How Can We Identify the Jew-Haters? They Reject the Balfour Declaration . . . and Therefore, Israel.

Dear Friend of FLAME:

On Thursday, Britain, Israel—and all lovers of Israel—commemorate the drafting of the Balfour Declaration, which took place 100 years ago on November 2. For Zionists, it's a glorious day on which we raise a toast.

Yet the Palestinian Arabs—and many other Israel haters—will not be commemorating, let alone celebrating.

Balfour's Declaration—actually a letter from British Foreign Secretary Arthur Balfour to Lord Walter Rothschild, a leader of the British Jewish community—said "His Majesty's Government views with favor the establishment in Palestine of a national home for the Jewish people."

Few Americans realize that U.S. President Woodrow Wilson saw and approved the text of Balfour's letter in advance, and the U.S. Congress in 1922 passed a resolution endorsing it, which President Harding signed.

The Palestinians, whiners to the end, started a campaign about a year ago trying to get the U.K. to apologize for the Balfour Declaration— which effort, Barukh HaShem, went nowhere.

Indeed, Israeli Prime Minister Netanyahu will be attending many ceremonies in Great Britain honoring the Balfour statement and its ultimate consequence—the re-birth of the Jewish nation as Israel in 1948. Prime Minister Theresa May will be officiating, and even anti-Semite Labour-leader MP Jeremy Corbyn felt compelled to send a representative.

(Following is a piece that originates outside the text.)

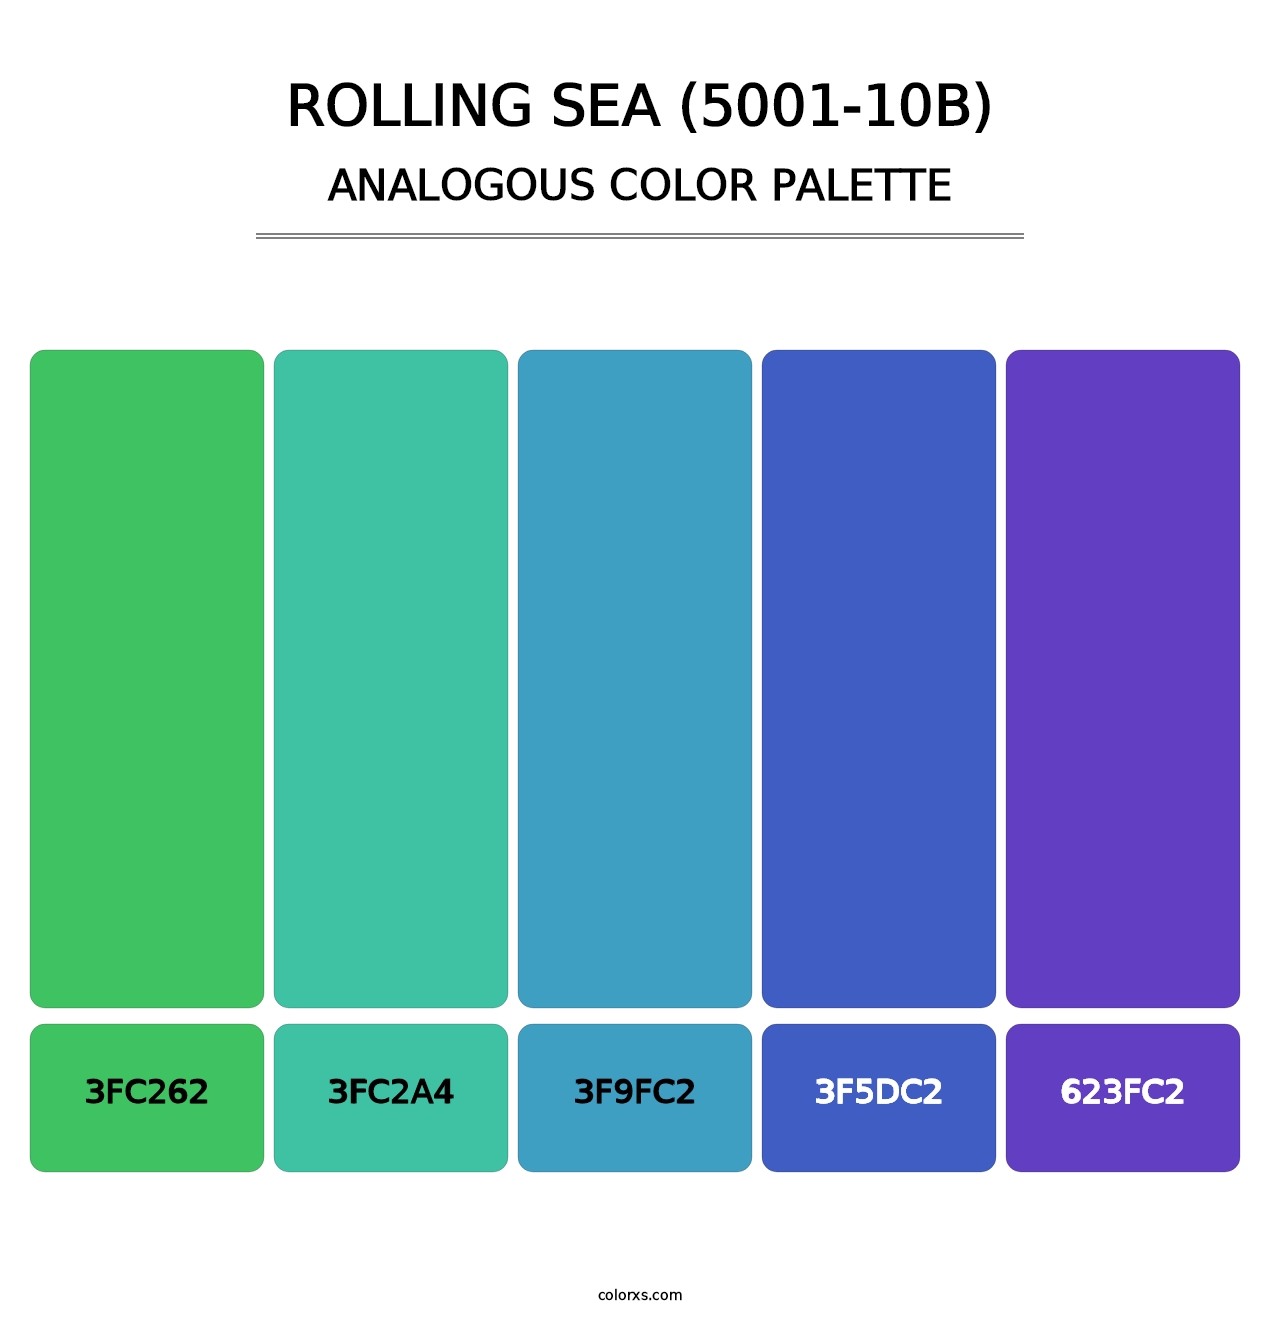 Rolling Sea (5001-10B) - Analogous Color Palette

While the Palestinian Arabs lay the blame on Balfour and Britain for their misery, throughout the last 100 years, they have six times rejected the opportunity to found their own state—most crucially in 1947, in the face of the U.N. partition plan.

But let's just say it: If you don't like the Balfour Declaration, you don't like Jews. You don't believe that the Jewish people—the indigenous people of Palestine—among all the world's people, deserve a homeland. If you don't believe that—no matter what sympathy you might lend the Palestinians—you are anti-Semitic.

So, my friends, I think we have a pretty clear idea why the Palestinians are protesting the Balfour Declaration . . . and why they still have no state. They cannot countenance a Jewish state in their neighborhood—it simply wouldn't be ethnically clean enough.

But the Balfour Declaration has a greater meaning for the Jewish people. As this week's FLAME Hotline article, by firebrand Caroline Glick, points out, Balfour didn't create Israel and didn't "permit" Israel to be born. Rather it freed the Zionists from the chains of their limited vision—to imagine and will a Jewish state.

Glick provides a unique perspective on all the Balfour hoopla, and I believe her article will leave you inspired—not just because of what Balfour did 100 years ago, but because of the triumphant and yearning spirit it should instill in us today. If you only read one piece on the Balfour Declaration, you'll be glad you made it this one.

Please also take a quick minute also to review the P.S. below and click on the link to review FLAME's latest hasbarah effort, if you haven't done so yet. It discusses the most villainous of U.N. agencies, the UNHRC.

Best regards,

Jim Sinkinson
President, Facts and Logic About the Middle East (FLAME)

P.S.

The U.N. Human Rights Council—already one of the most despicable anti-Semitic U.N. agencies—recently nominated 16 new members, including seven that U.N. Human Rights Watch deems unqualified for their poor human rights records: Afghanistan, Angola, Democratic Republic of Congo, Malaysia, Nigeria, Pakistan and Qatar. The UNHRC has long been a forum for oppressive regimes to pass judgments on Israel, and this new crop of members is certain to continue that practice. The Middle East's only democracy and truly a light unto nations in so many ways, Israel suffers more condemnations by the UNHRC than all other nations together. In just the last year, the UNHRC passed twice as many resolutions against Israel as against North Korea and Syria combined. In order to make Americans—especially college and university students—aware of this injustice, FLAME has just produced and will soon publish a new position paper: "Exit the U.N. Human Rights Council ." This paid editorial will appear in magazines and newspapers, including college newspapers, with a combined readership of some 10 million people. In addition, it is being sent to every member of the U.S. Congress and President Trump. If you agree that this kind of public relations effort on Israel's behalf is critical, I urge you to support us. Remember: FLAME's powerful ability to influence public opinion—and U.S. support of Israel—comes from individuals like you, one by one. I hope you'll consider giving a donation now, as you're able—with $500, $250, $100, or even $18. (Remember, your donation to FLAME is tax deductible.) To donate online, just go to donate now. Now more than ever we need your support to ensure that the American people and the U.S. Congress end our support of blatantly anti-Semitic, global jihadist organizations.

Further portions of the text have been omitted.